*** Block opens ***

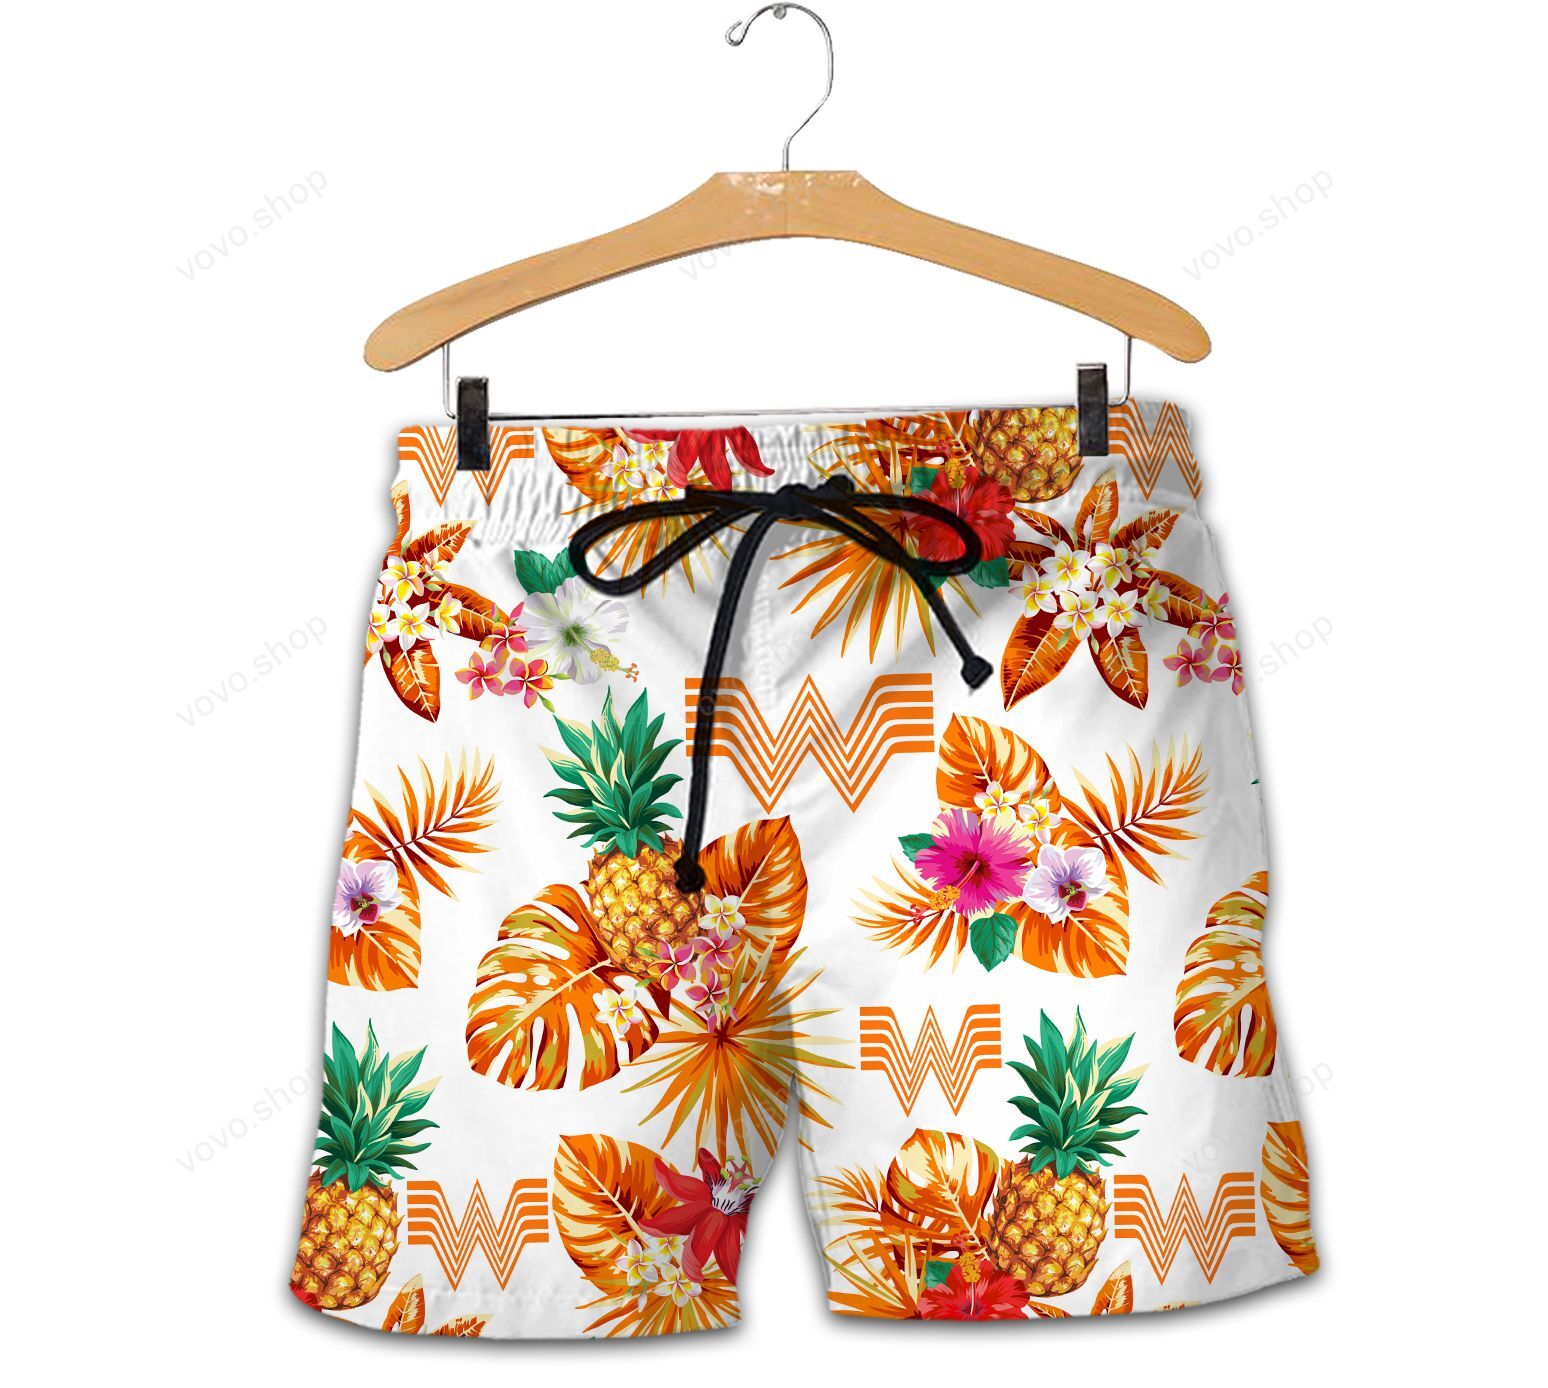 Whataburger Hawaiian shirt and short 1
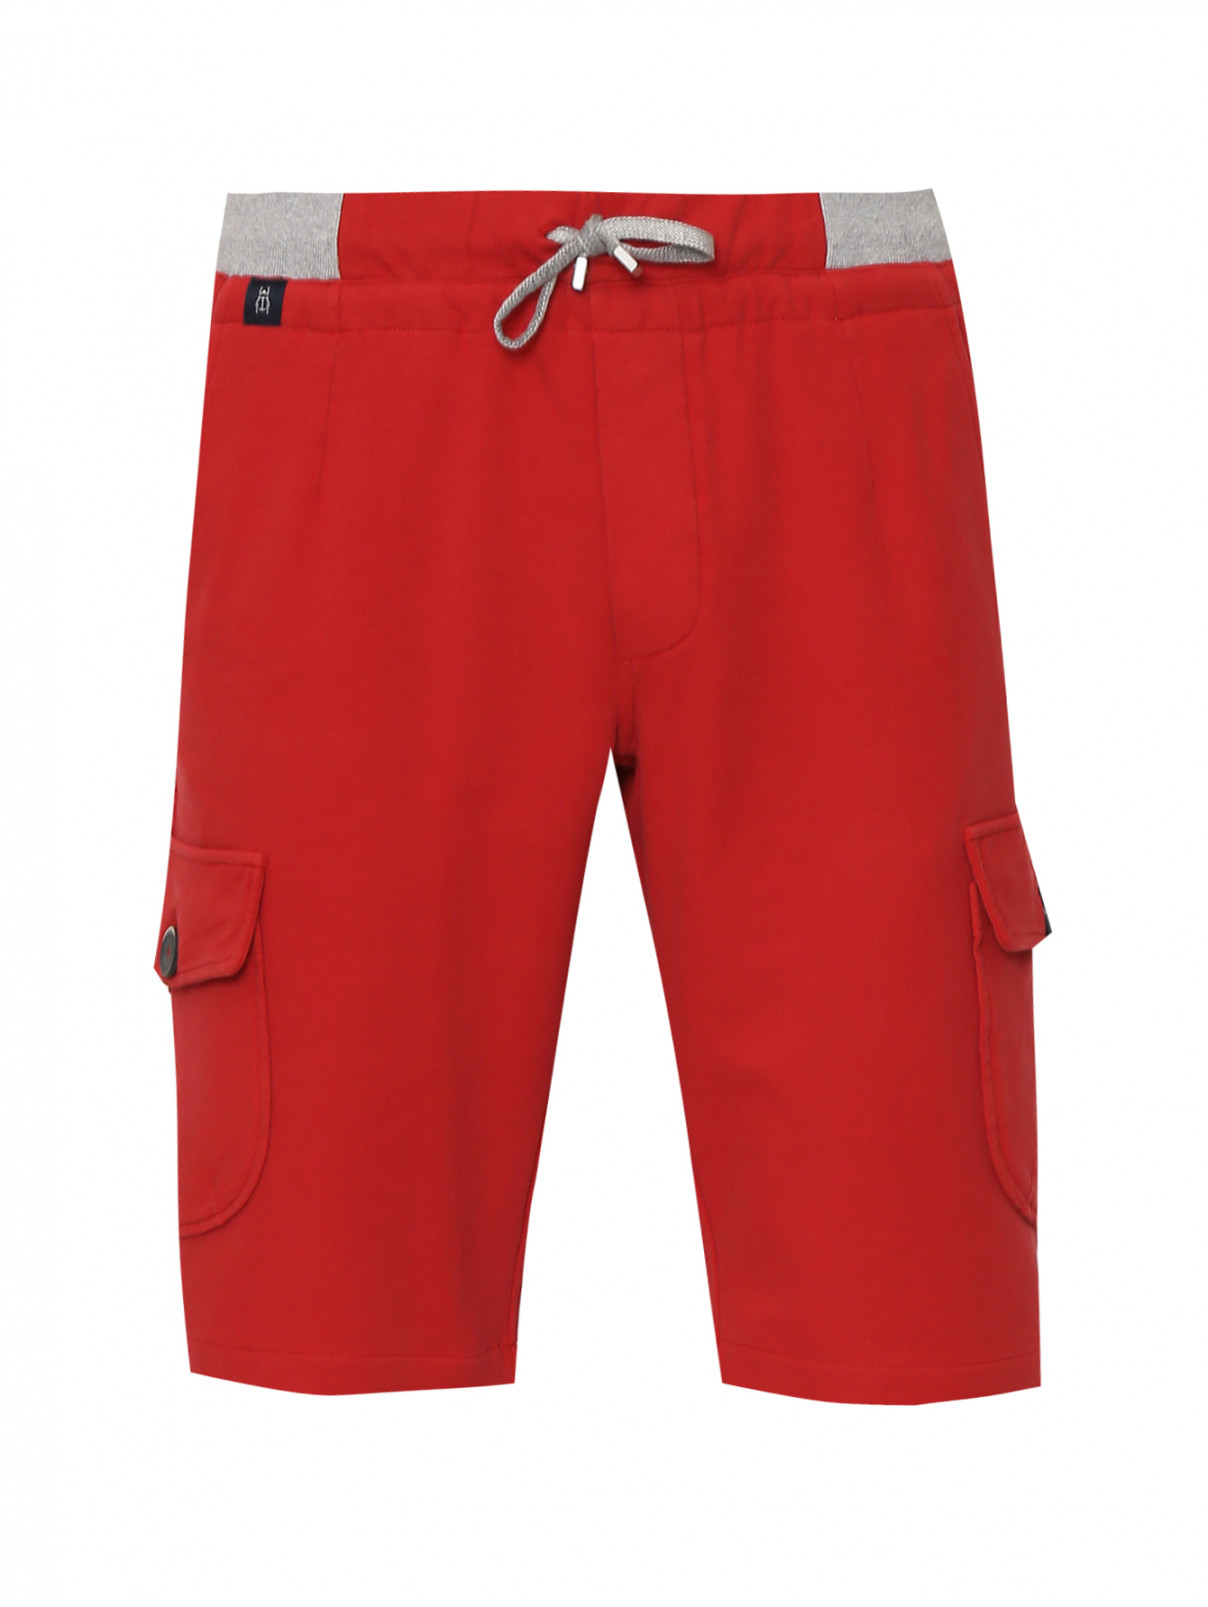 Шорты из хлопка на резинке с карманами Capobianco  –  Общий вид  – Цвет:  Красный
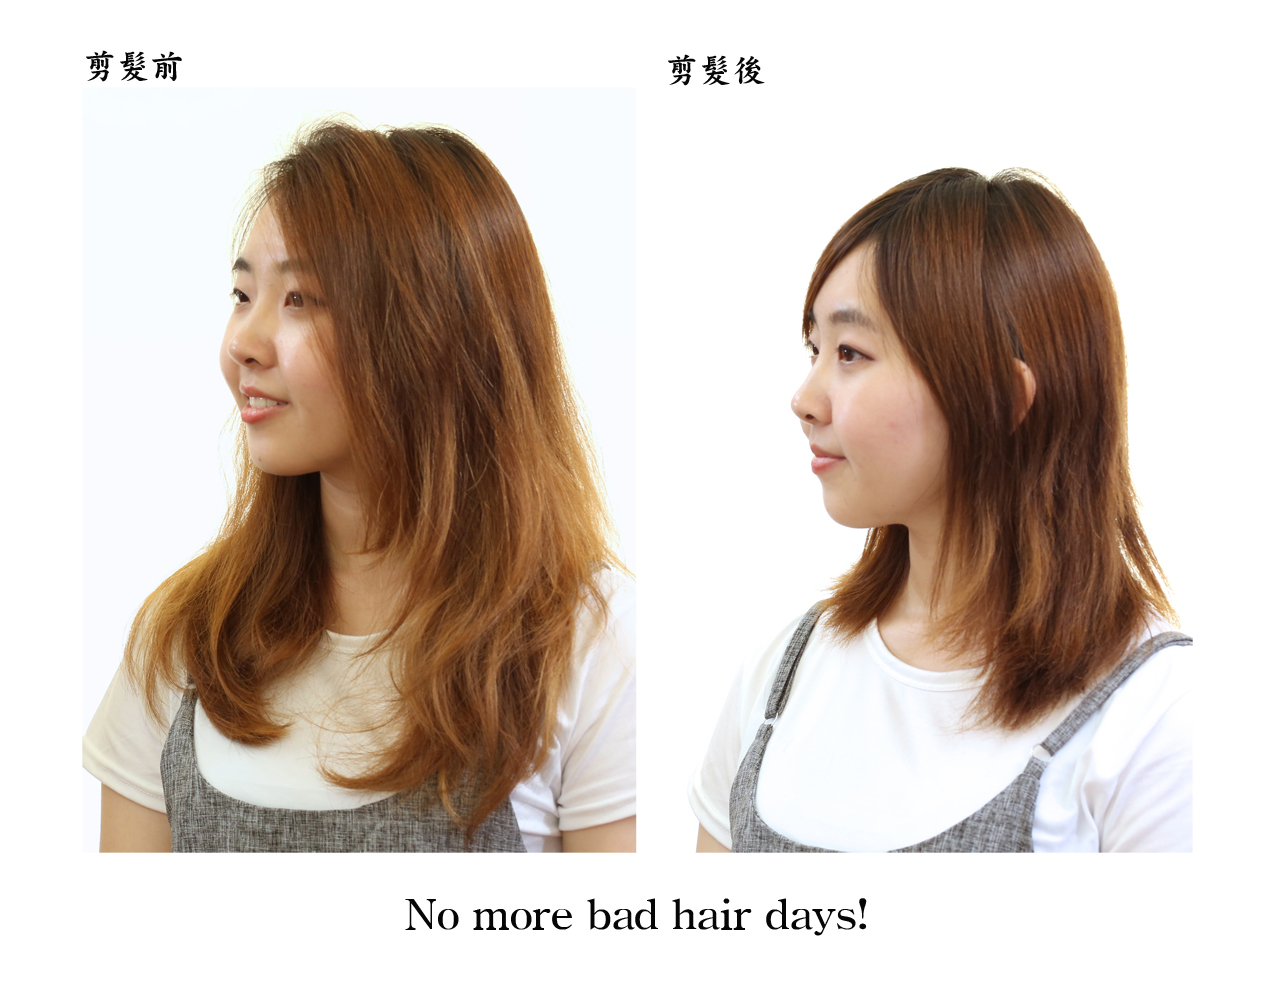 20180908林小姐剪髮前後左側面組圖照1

*** Block closes ***

REQUIRED ACTION.
Once the pictures are set aside, what is needed is the lines from the line with "Шорты из хлопка" through the end of the data, written out exactly and alone.

OUTPUT OF THE EXERCISE.
 Шорты из хлопка на резинке с карманами Capobianco  –  Общий вид  – Цвет:  Красный
 20180908林小姐剪髮前後左側面組圖照1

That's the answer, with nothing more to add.